Similar to the adaptive script component of the Collaborative Problem-Solving Script, the Help Tutor project aims at improving students' help-seeking behavior and at reducing students' tendency to game the system.
Furthermore, both studies contain instructions to teach metacognition. The metacognitive component in our study instructs students to monitor their interaction in order to improve it in subsequent collaborations; the Help Tutor project asks students to evaluate their need for help in order to improve their help-seeking behavior when learning on the Tutor.

Both in this study and in the Reflective Dialogue study from Katz, students are asked to engage in reflection following each problem-solving. In this study, the reflection concentrates on the collaborative skills, while in Katz' study, the reflection concentrates on students' domain knowledge of the main principles applied in the problem.

Furthermore, both our study and the Help Lite (Aleven, Roll) aim at improving conceptual knowledge.

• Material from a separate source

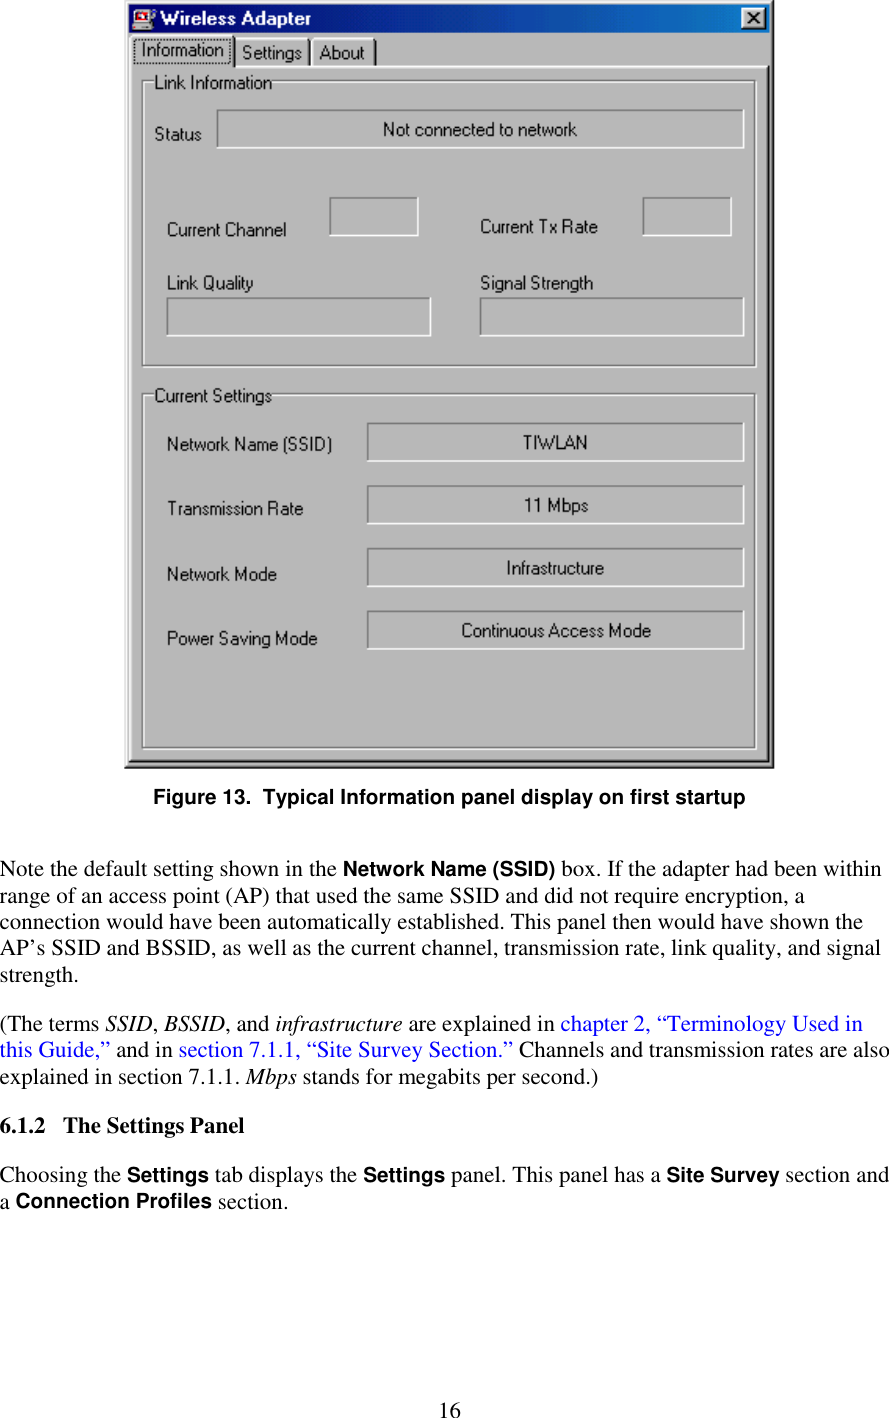   16  Figure 13.  Typical Information panel display on first startup Note the default setting shown in the Network Name (SSID) box. If the adapter had been within range of an access point (AP) that used the same SSID and did not require encryption, a connection would have been automatically established. This panel then would have shown the AP’s SSID and BSSID, as well as the current channel, transmission rate, link quality, and signal strength. (The terms SSID, BSSID, and infrastructure are explained in chapter 2, “Terminology Used in this Guide,” and in section 7.1.1, “Site Survey Section.” Channels and transmission rates are also explained in section 7.1.1. Mbps stands for megabits per second.) 6.1.2   The Settings Panel Choosing the Settings tab displays the Settings panel. This panel has a Site Survey section and a Connection Profiles section.

This project relates the more general thrust goals as follows. It is examining how features of assistance affect the three aspects of accountable talk: accountability to knowledge, accountability to rigorous thinking, and accountability to the learning community. Steps are being made toward the ambitious goal to operationalize and assess these aspects of accountable in real time as students interact and receive assistance in this computer-mediated environment. There is also a potential to code the three way dialog (student tutee, student tutor, and computer tutor) for transactivity. In particular, the student tutee's dialog moves have not yet been coded, but appear to have interesting elements, like asking for specific help or self-explaining, that may well connect to transactivity codes. Finally, there is a potential to analyze the computer tutor's reflective prompts for similarity with accountable talk moves and associated effectiveness. Some of the prompts were indeed inspired by accountable talk moves.